Toda vez que “vemos” uma situação não significa que estamos vendo a verdade última. Nossas experiências anteriores, nossos pontos cegos, nossas opiniões, nossas expectativas podem todos atrapalhar nossa visão e fazer a gente ver através de uma certa distorção e não com nitidez.

Na nossa vida diária essa falta de nitidez pode gerar mal-entendidos e situações constrangedoras, bem como também cria uma visão limitada dos eventos. Quantas brigas já não aconteceram, quantos julgamentos errôneos já não fizemos, justamente porque não víamos claramente todo o panorama?

Se na vida cotidiana não ver nitidamente pode ser prejudicial imagina no trabalho clínico? Quando um psicanalista ou qualquer outro profissional como um psiquiatra ou psicoterapeuta não está livre de sua “visão” contaminada pode criar situações muito prejudiciais ao tratamento de seus pacientes. Poderá “ver” não o que está mais próximo da situação de seu paciente, mas verá outra coisa que pode estar distante e ser enganoso. Isso num processo clínico é grave.
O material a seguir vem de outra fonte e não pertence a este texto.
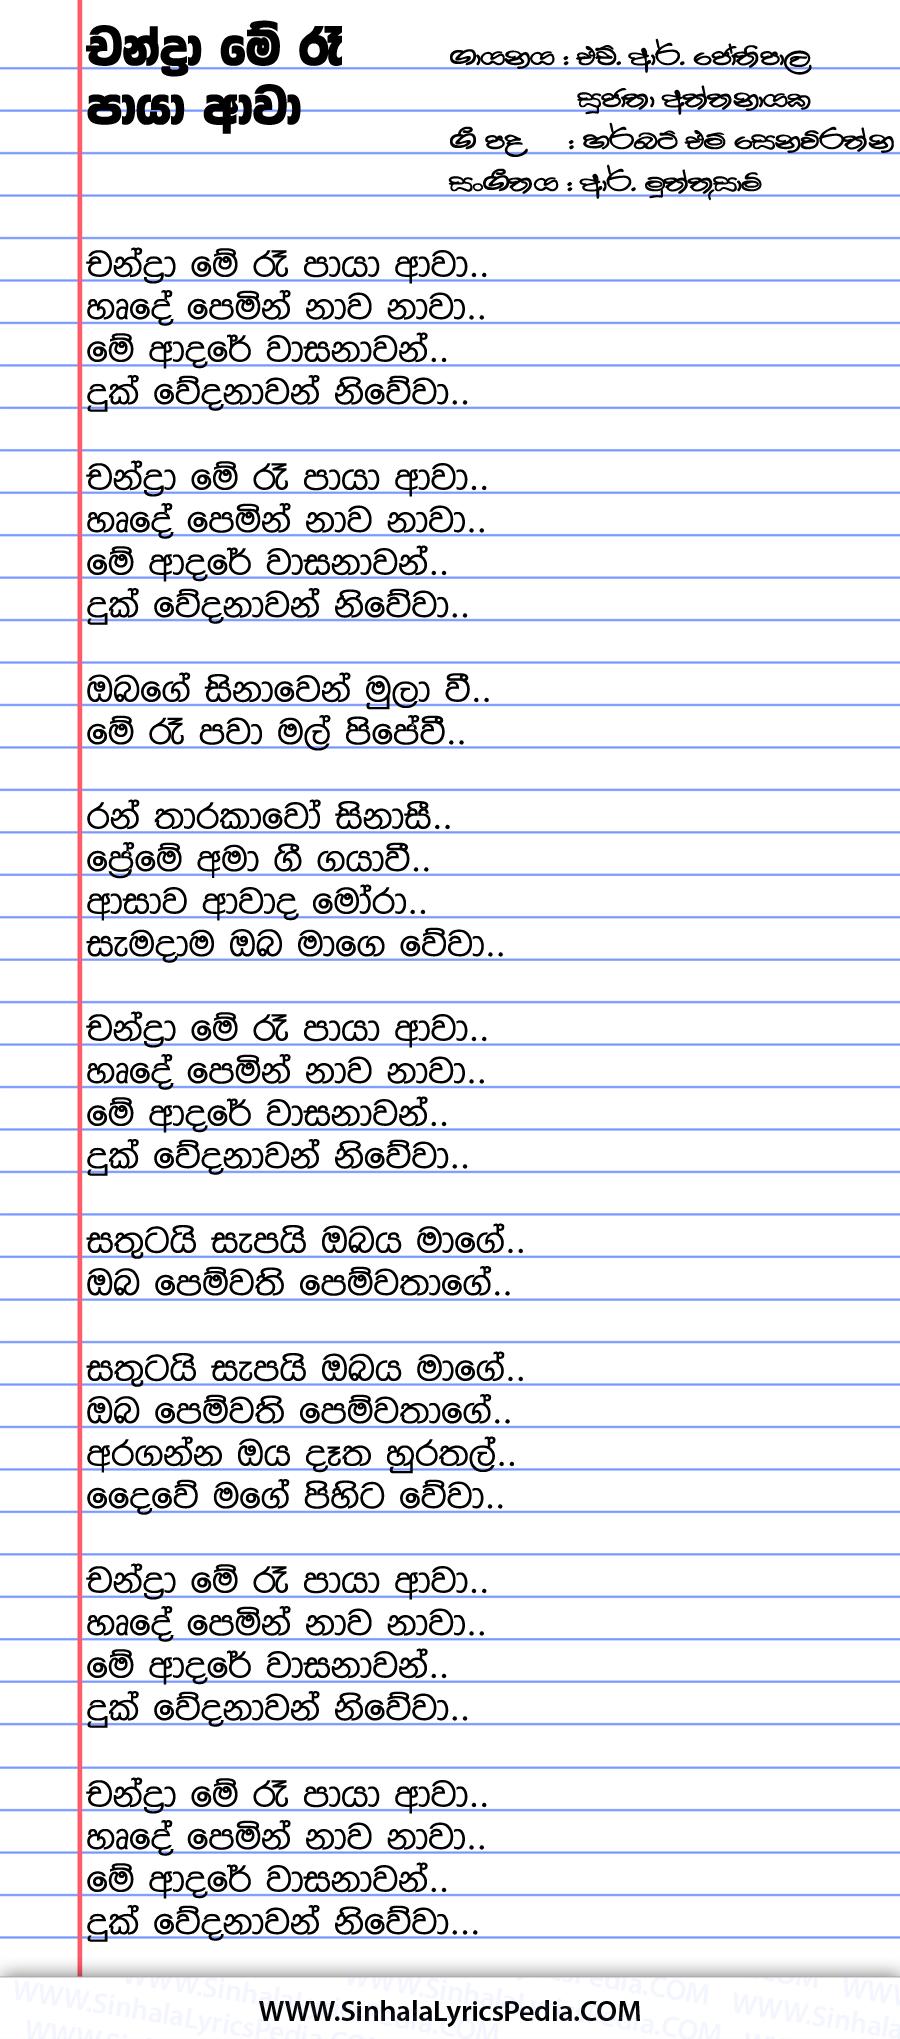 Chandra Me Raa Paya Awa Song Lyrics

Não é à toa que numa formação séria para se tornar um psicanalista, por exemplo, é necessário seguir toda uma série de condições que permitam o psicanalista se desenvolver a contento para estar apto a atender com dignidade e profissionalismo. Cursos que prometem formar psicanalistas em fim de semana sem exigir muito são armadilhas que enganam e trazem imensos prejuízos à saúde mental e bem-estar de muitos pacientes.

Nem todos sabem, mas nas instituições respeitáveis que formam psicanalistas é exigido de seus candidatos não só passar por toda uma grade teórica e de supervisões clínicas, mas acima de tudo passar pela própria análise pessoal que consiste de 4 sessões semanais com um analista competente para essa função por no mínimo 5 anos. Sem isso a formação corre o risco de ficar comprometida e o profissional ficar “cego” e não conseguir ver claramente.

Essa exigência da análise pessoal para alguém tornar-se um psicanalista é precisamente para evitar que o analista crie “distorções” em sua compreensão de seus pacientes. Na Bíblia mesmo se diz que antes de repararmos no cisco no olho do próximo devemos primeiro tirar a trave do próprio olho. Isso quer dizer que se temos algo que impede nossa visão de maneira mais humana e verdadeira ficamos com deficiências que impedem ver o todo. Impede de nos aproximarmos e realmente fazermos a diferença com os pacientes que nos procura.

Bion, psicanalista inglês, utilizou e incentivava a prática clínica que ele chamou de ‘sem memória e sem desejo’. Em linhas muito gerais isso implica em o psicanalista atender seus pacientes sem apegos às experiências passadas suas ou que aconteceram com outras pessoas ou em outros contextos e sem desejos sobre como o paciente deveria ser no futuro. Com isso se removeria os entraves na visão do psicanalista para ele estar mais livre para poder ver, dentro do possível, a realidade de seu paciente. Para se ser um psicanalista digno do título se faz necessário aprender a tirar o melhor possível os entraves da própria visão.